Escolhi falar sobre esse filme hoje por ele trazer um tema extremamente moderno para a década de 30. Amemos outra vez (Next Time We Live, 1936) fala sobre um casal que se ama muito, mas que não estão dispostos a abrirem mão de seus sonhos. Muitos entendiam (e ainda entendem) que para os relacionamentos darem certo é necessário abrir-se mão de desejos particulares. Só que geralmente sabemos quem abre mão deles. E é justamente sobre nenhum dos dois estar disposto a se sacrificar que trata esse filme.
No elenco, James Stewart e Margaret Sullavan, no primeiro dos trabalhos que fariam juntos. E foi a atriz, que naquele período gozava já de uma boa fama quem indicou o jovem e inexperiente ator que a partir daí se tornaria uma espécie de ícone americano. O diretor Edward H. Griffith acertou em cheio em escolhe-lo para o papel de Christopher, um jovem jornalista que está disposto a tudo a crescer em sua carreira.
O que torna essa história baseada no romance homônimo de Ursula Parrott, como já adiantei acima, é a fuga do lugar comum naquele período. Naquelas décadas, e até hoje, se formos um pouco pessimistas, era não só comum mais totalmente incentivado que o matrimônio ocupasse todos os sonhos de uma garota. Ela podia estudar, mas tudo quanto aprendesse deveria ser usado no lar que formaria, na educação dos filhos que teria, no amor que dispensaria ao seu tão almejado marido. Contrariando tudo isso, Cicely Hunt amaria profundamente Christopher, um amor que por vezes doía, mas ela também só se sentiria completa se se tornasse uma grande atriz.
Suas vitórias no campo profissional são tão comemoradas quanto a chegada de seu amado. Nos momentos chave, ela sempre contará com a presença constante de Tommy Abbott (um belo Ray Milland em início de carreira), o melhor amigo de Christopher que também se torna seu acalento nos momentos de solidão. Mas aos poucos, desfrutar da presença do marido vai se tornando algo raro, tão raro que ver-se já não se torna algo essencial. O amor vai se perdendo nas ausências, a presença deixa de ser especial. A vida, as vitórias, os caminhos começam a se separar. Eles começam a ser felizes separados. Uma visão pessimista sobre o casamento? Talvez.

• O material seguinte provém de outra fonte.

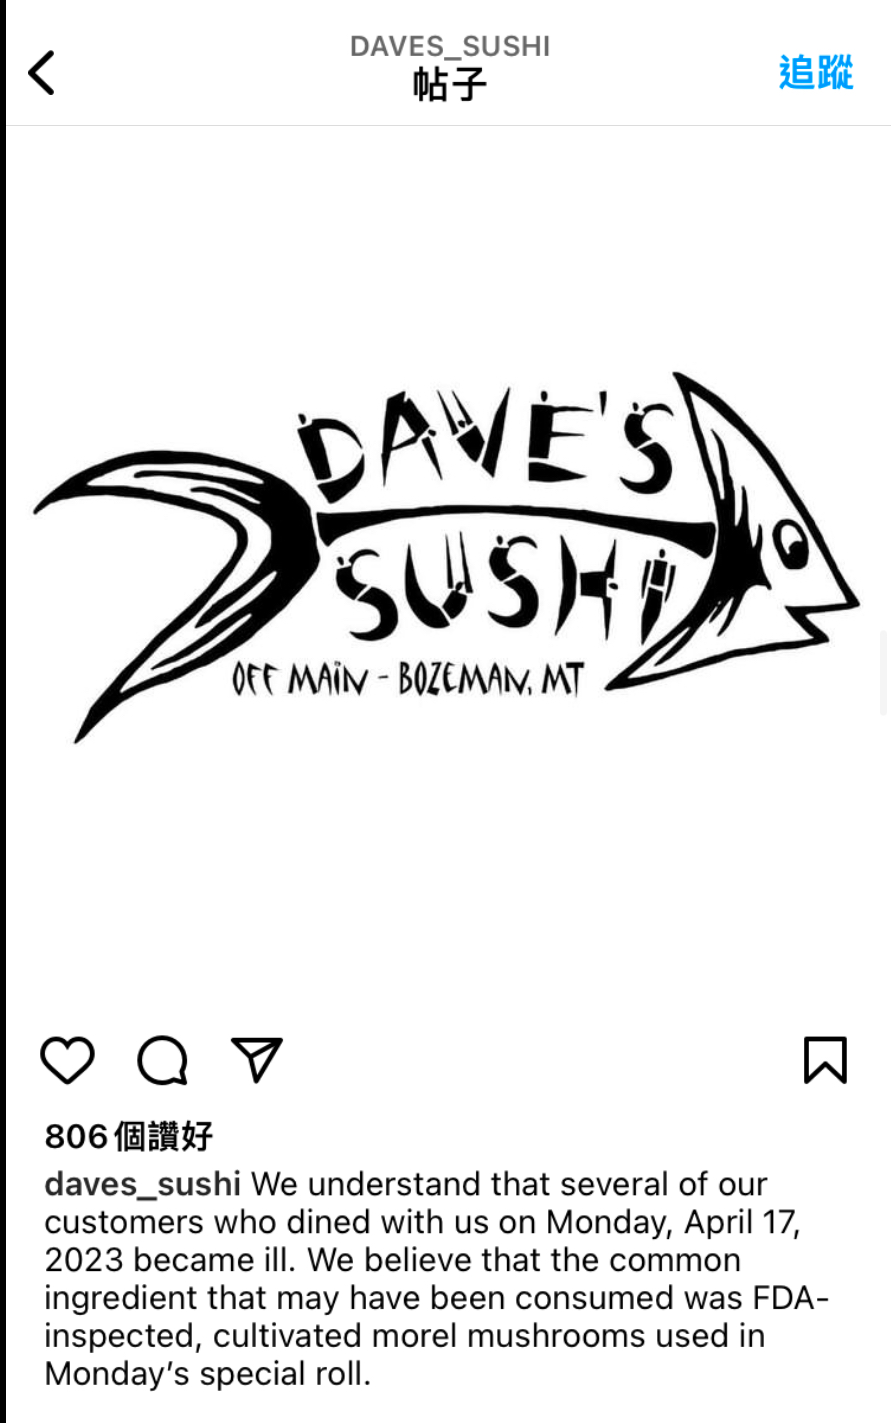 戴夫寿司出事后发文承认食材羊肚菌出问题。 Instagram

Parece mesmo difícil conciliar o amor e o sucesso na carreira de uma mulher. Tudo poderia ser resolvido, aos moldes do início do século XX se ela abrisse mão de seus sonhos. Mas estaria ela sendo sincera consigo mesmo e com Christopher? O título em português, Amemos outra vez pode dar uma resposta sobre o fim do casal que teve tudo menos falta de amor em seu caminho.
Amemos Outra Vez fala sobre escolhas, sobre como a modernidade mexeu não só no ponto de vista tecnológico ou em outras formas mais efetivas, mas também com os relacionamentos. É uma visão certamente pessimista, mas que pelo menos nao carrega o ranço visto em outros filmes sobre o assunto. Ele traz brechas para o diálogo sobre o assunto e para nós, num século seguinte, possamos pensar o quanto estamos dispostos a abrir mão de nós mesmos, dos nossos sonhos em prol dos outros. Estariam estes também dispostos a isso? Só de abrir a possibilidade de reflexão, já considero esse um grande filme.